The mission of naval defense along the Levantine coast was entrusted to the commander of the sea, which meant Al-Aswad going out to chase the Byzantine invaders during their attack on a merchant ship at the frontier of Beirut. He made an expedition to Cyprus in the year 120 AH / 738 AD and then made an expedition to the island of Crete in the following first or second year.

During the reign of Al-Walid bin Yazid, the power of Al-Aswad increased, and he became the commander of the sea army in the entire coast of the Levant. He led a large expedition to the island of Cyprus, landing there in the year 125 AH / 743 AD, and brought a group of its people and settled them between Sidon and Tyre.

During the reign of Marwan bin Muhammad, the port of Tyre was restored by the master builder "Ziyad bin Abi Al-Ward Al-Ashja’i", who left his name engraved in a phrase that was repeated in the port of Sidon, Acre, Maraash, and even Azerbaijan: "...This is what the Commander of the Faithful Marwan ordered to repair, and it happened on The hand of Ziyad bin Abi Al-Ward."

===Islamic rule===
During the reign of Al-Walid, Jarjūmah, the capital of the Mardaites, rebelled against the rule of the Caliph again, as a result, Maslama bin Abd al-Malik went to them at the instigation of his brother and entered their capital Jarjumah and dispersed its people in all the Lebanese cities and stipulated a condition for them, and some of them joined his army and participated in the conquests of Muslims without forcing any of them to leave their Christianity.

===Abbasid revolution===

The Abbasids seized power from the Umayyads in 750 AD and annexed Lebanon to their rule. At the beginning of this era, the Arslanites settled in Lebanon in 756 AD. The Abbasids imposed harsh taxes on Lebanon, which prompted the Lebanese to stage several uprisings.

Abdullah bin Ali Al-Hashemi pursued the remnants of Marwan bin Muhammad after the battle of Al-Zab, so he went to the city of Qansreen and then Homs, where he stayed for days taking the pledge of allegiance from its people to Abu Al-Abbas. He continued his journey to Baalbek, and the city received him and pledged allegiance to him without resistance. He stayed there for two nights, then traveled and went down from Ain al-Jisr to Anjar and stayed for two days, then went to the Umayyad capital, and entered it in the year 132 AH / 750 AD. Before leaving Baalbek, he arranged its affairs and kept it to Yazid bin Rouh al-Lakhmi because he declared his allegiance to the Abbasids.

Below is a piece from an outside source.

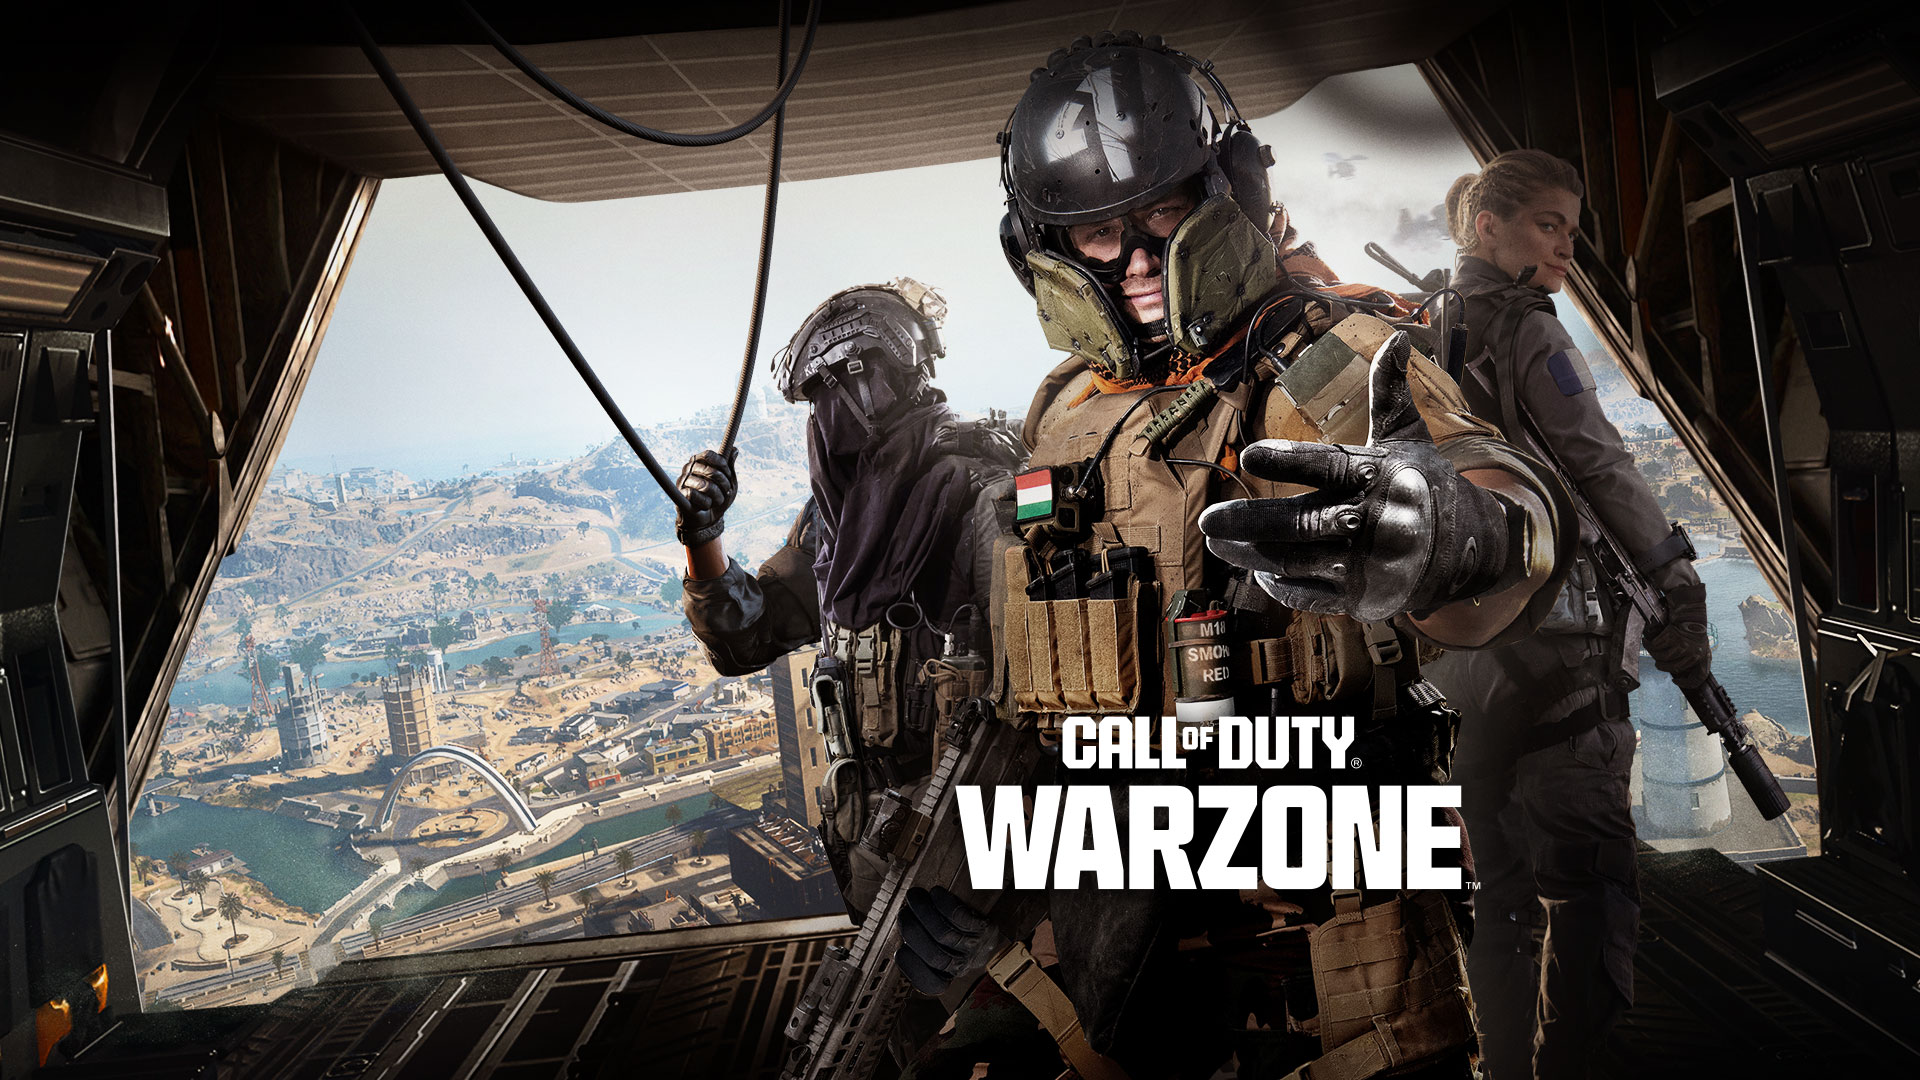 Call of Duty Warzone, en trio av operatører står bak et transportfly og tar kontakt for å invitere deg til å bli med på handlingen.

Baalbek became affiliated with the Emirate of Abdullah bin Ali, his emirate included Homs, Qansreen, Baalbek, Ghouta, Houran, Golan, and Jordan from the year 132 AH / 750 AD. To the year 136 AH / 754 AD. Al-Mansūr visited Lebanon in the year 140 AH / 758 AD, and during his visit he settled the Tanukhids in the cities of Lebanon to ward off the Byzantine dangers from its coasts.

===Mardaite revolts===

After the fall of the Umayyad state in 132 AH / 750 AD, the Abbasids were unable to win over the people of the Levant to their side, including the inhabitants of Mount Lebanon, because they were deprived of the advantages that they had during the Umayyad era. Moreover, the Abbasids treated the people of the Levant in general as treating the conquered countries during wars, so the Mardaites started a series of revolts, starting in the year 135 AH / 752 AD, and led by one of their leaders "Elias" managed to defeat several armies sent by Caliph al-Mansur to Lebanon, and despite this, Elias was killed in the location known today in the name of "Qob Elias", however, his companions continued their disobedience under the leadership of another leader named "Samaan", who defeated the Abbasid armies and almost took over Homs and Hama through the aid that was coming to him by sea from the Byzantines.

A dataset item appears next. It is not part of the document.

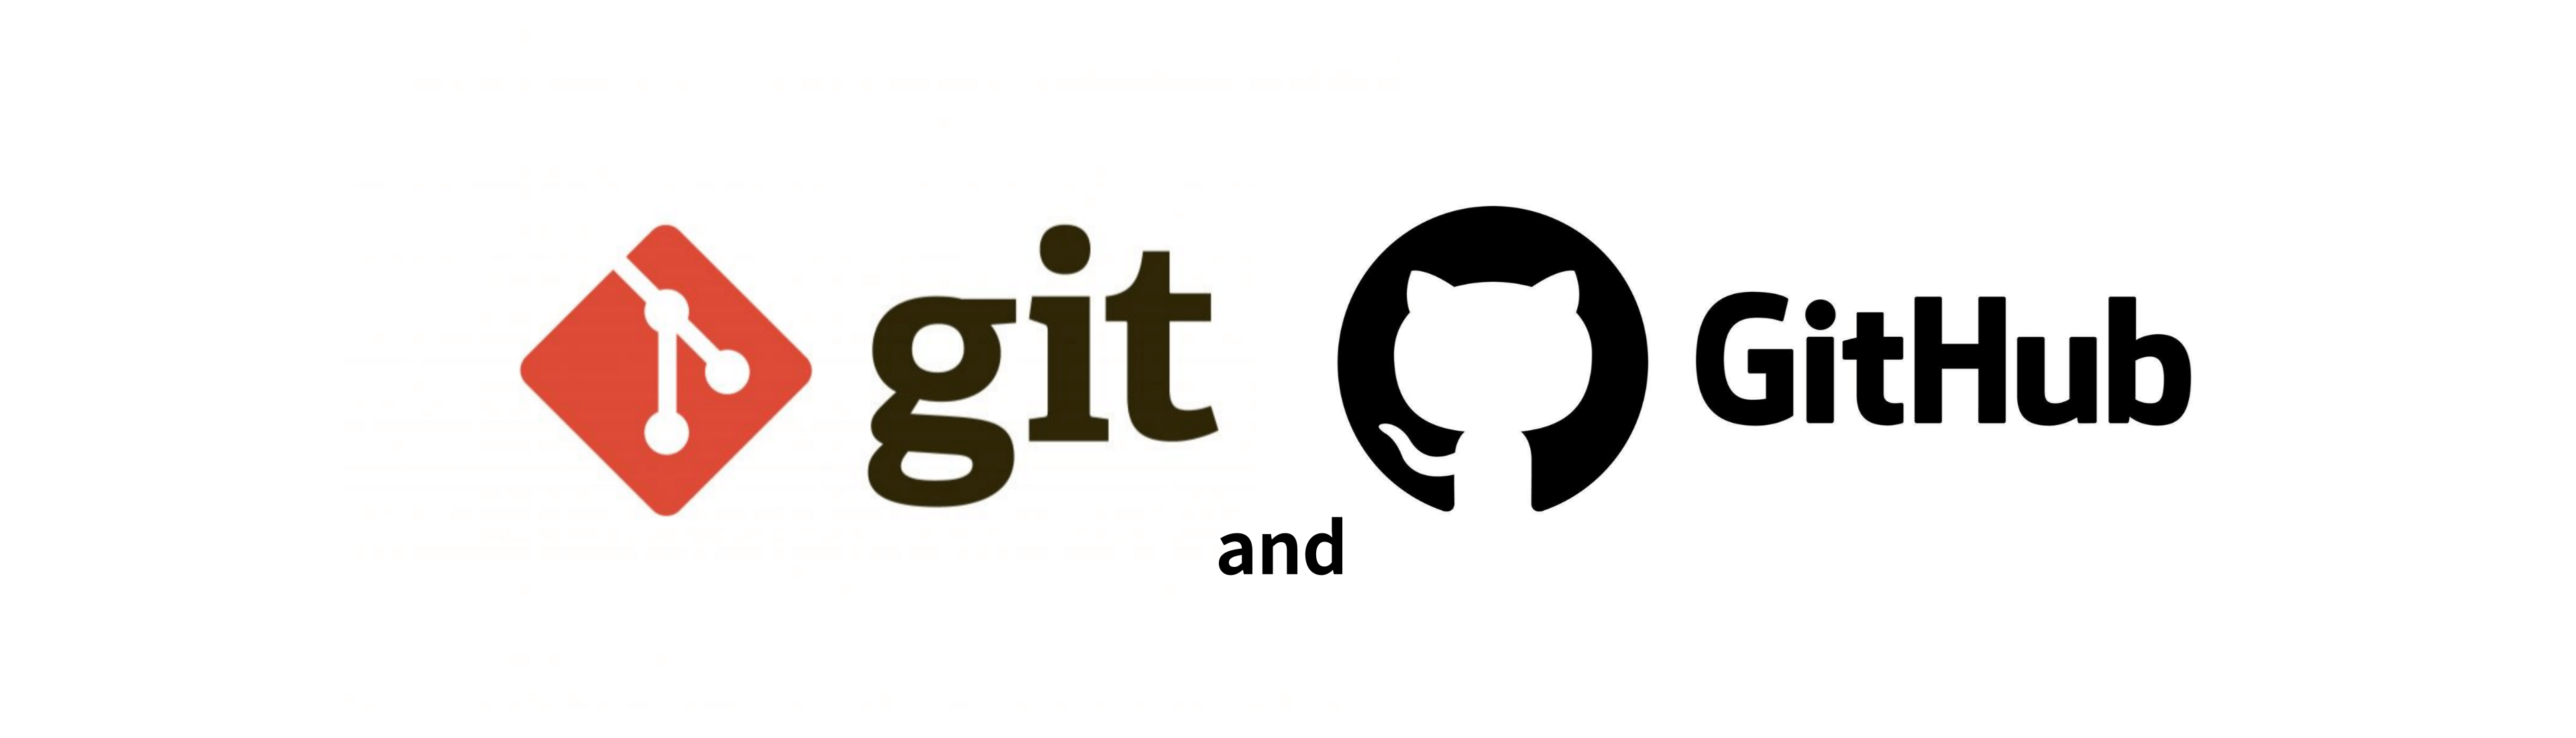 git-logo-and-github-logo-image

The danger of the Mardaites intensified in the middle of the second century AH when "Bandar" assumed their leadership and declared himself king over them, so Saleh bin Ali, the uncle of the Caliph, mobilized a large army that he led himself and was able to eliminate their revolt and seized and demolished their fortresses, and in order to eliminate any possible rebellion in the future the Caliph Al-Mansur worked to disperse large numbers of them in the Levant, and he brought in several Arab tribes such as the Tanukhids, a Christian Arab tribe; he placed them in Mardaite areas, and this act was the subject of criticism of the Lebanese-born Imam al-Awza'i, who was sent to the Caliph blaming him for such a procedure.

===Āl Arslān===
As soon as al-Mansur assumed the caliphate in Baghdad, he went to the coastal frontiers, built their forts and cities, and began filling them with armies from the year 136 AH (753/754 AD) until the year 142 AH (759/760 AD). The Abbasids began approaching and allying themselves with the Arab Tanukhids after a meeting between Prince Mundhir bin Malik, nicknamed Al-Tanukhi, and his brother, Prince Arslan, with Caliph Al-Mansur in Damascus.

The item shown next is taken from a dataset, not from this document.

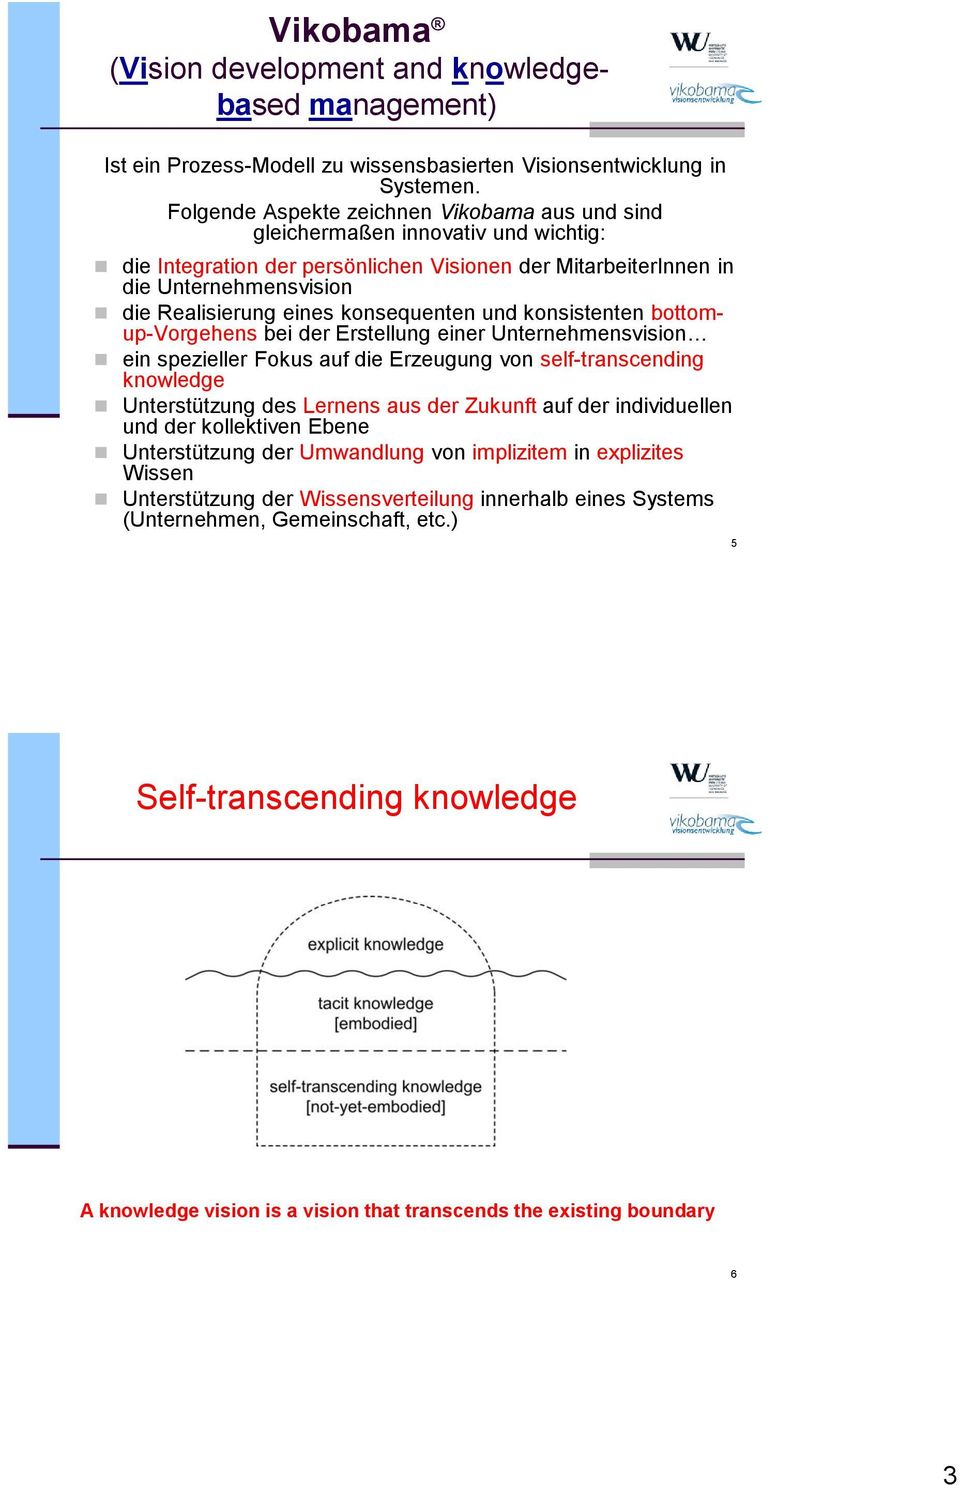 konsequenten und konsistenten bottomup-vorgehens bei der Erstellung einer Unternehmensvision ein spezieller Fokus auf die Erzeugung von self-transcending knowledge Unterstützung des Lernens aus der

The Byzantines took advantage of the political changes resulted by the Abbasid revolution, by attacking the Islamic regions and occupying Tripoli in 141 AH (758/759 AD) from its governor, Rabāh bin al-Nu’mān, with Bekaa getting attacked by the rebel Elias in the year 137 AH (754/755 AD) and the Munaytirah revolt took place in 141 AH. And when events escalated, it became imperative for the Abbasid Caliph al-Manṣūr to fight back with combat to defend the Caliphate. He mobilized the frontiers with fighters to protect them. He assigned the Tanukhid tribes to head to the mountains of Beirut to protect the coasts of the Levant and Islamic possessions from the Byzantine danger and local hostile movements.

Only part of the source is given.